*** Information shown Section Begins ***

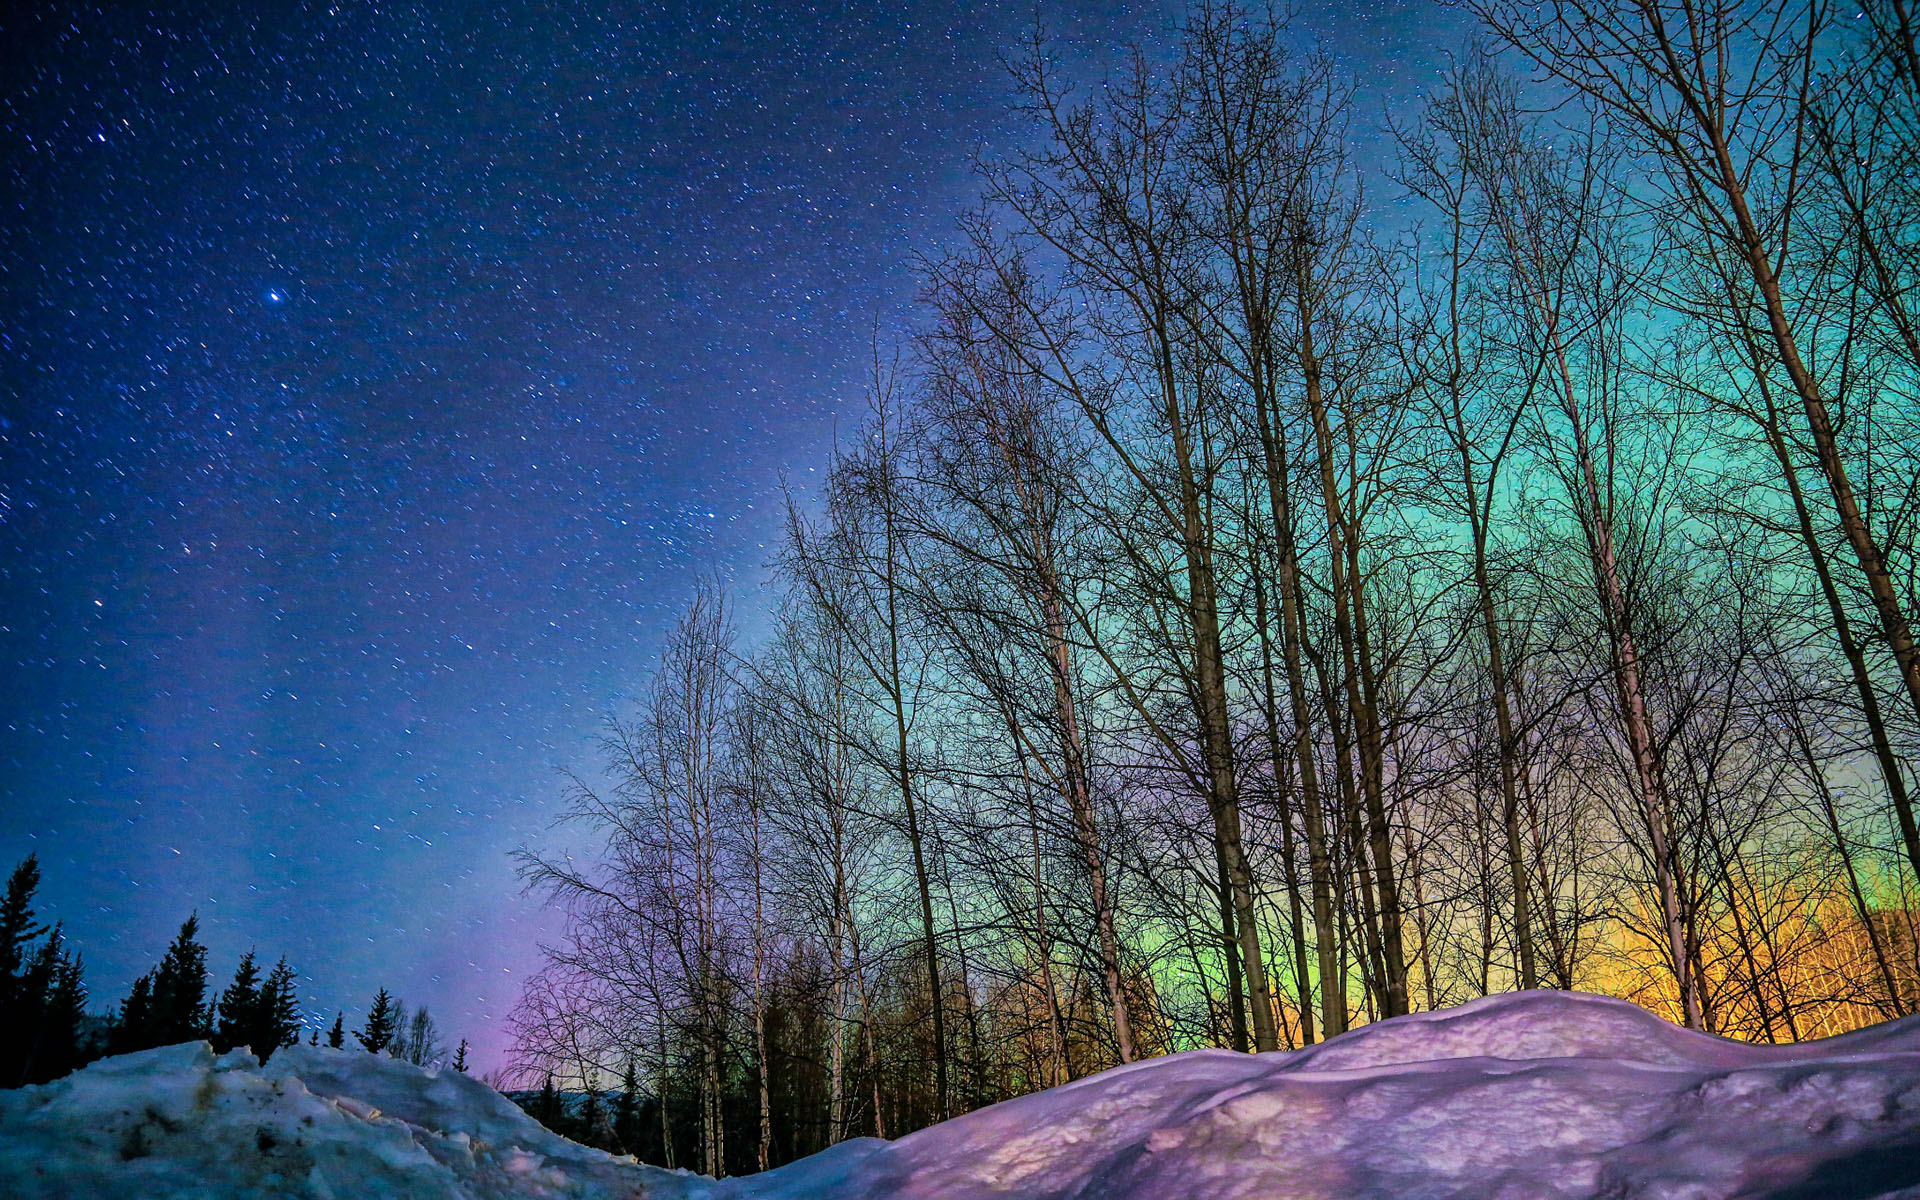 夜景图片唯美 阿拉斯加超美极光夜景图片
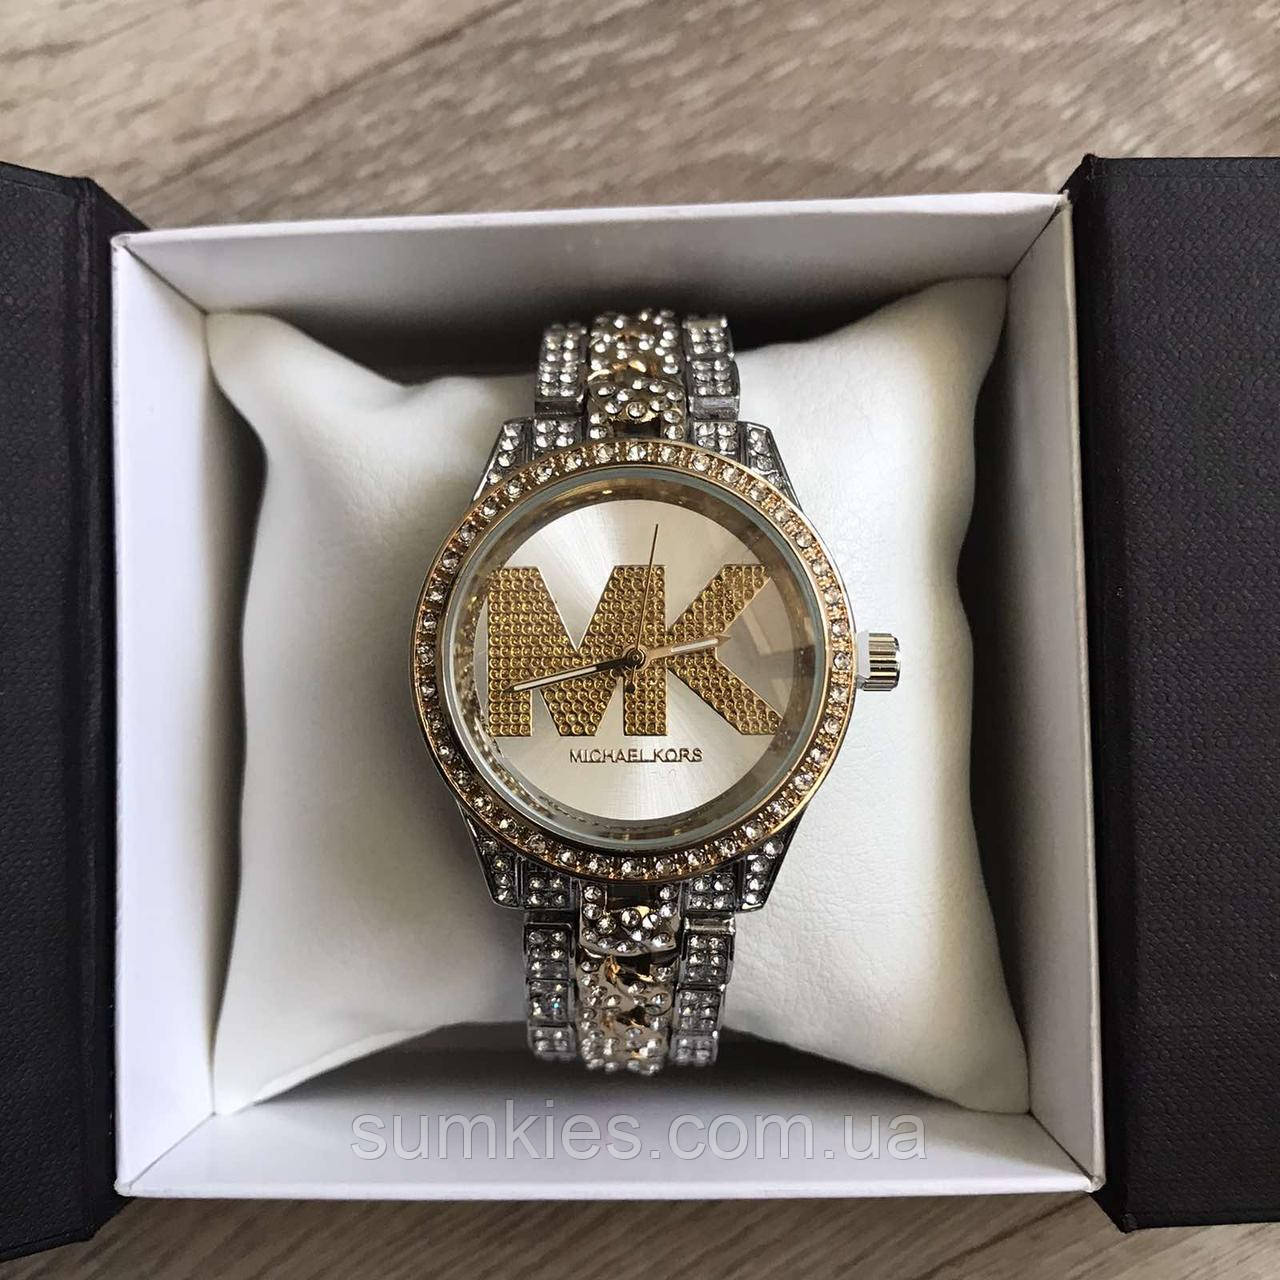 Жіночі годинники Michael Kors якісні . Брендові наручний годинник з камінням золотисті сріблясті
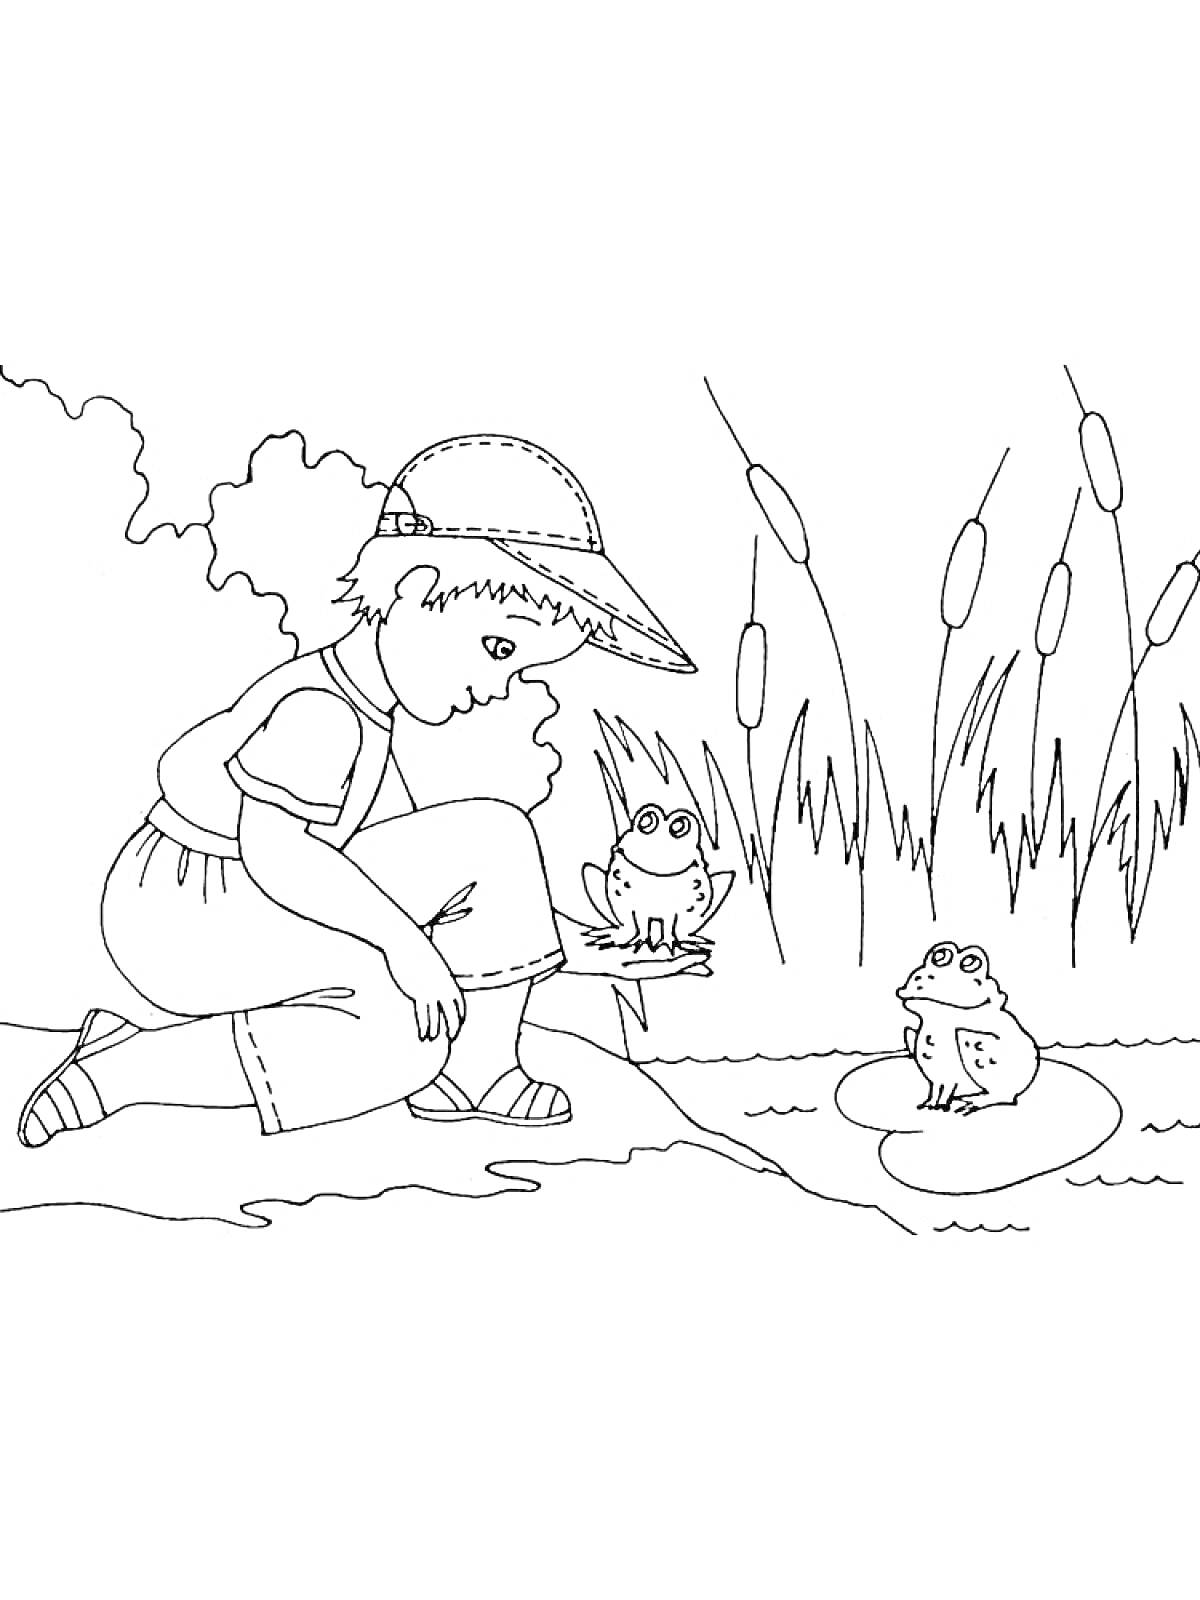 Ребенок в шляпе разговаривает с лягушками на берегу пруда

*** Information shown Section Ends ***

Aim of the task: Any picture in the material is to be left out, and everything else is to be retyped as is.

Answer below:
 夜景图片唯美 阿拉斯加超美极光夜景图片
 Жіночі годинники Michael Kors якісні . Брендові наручний годинник з камінням золотисті сріблясті
 Ребенок в шляпе разговаривает с лягушками на берегу пруда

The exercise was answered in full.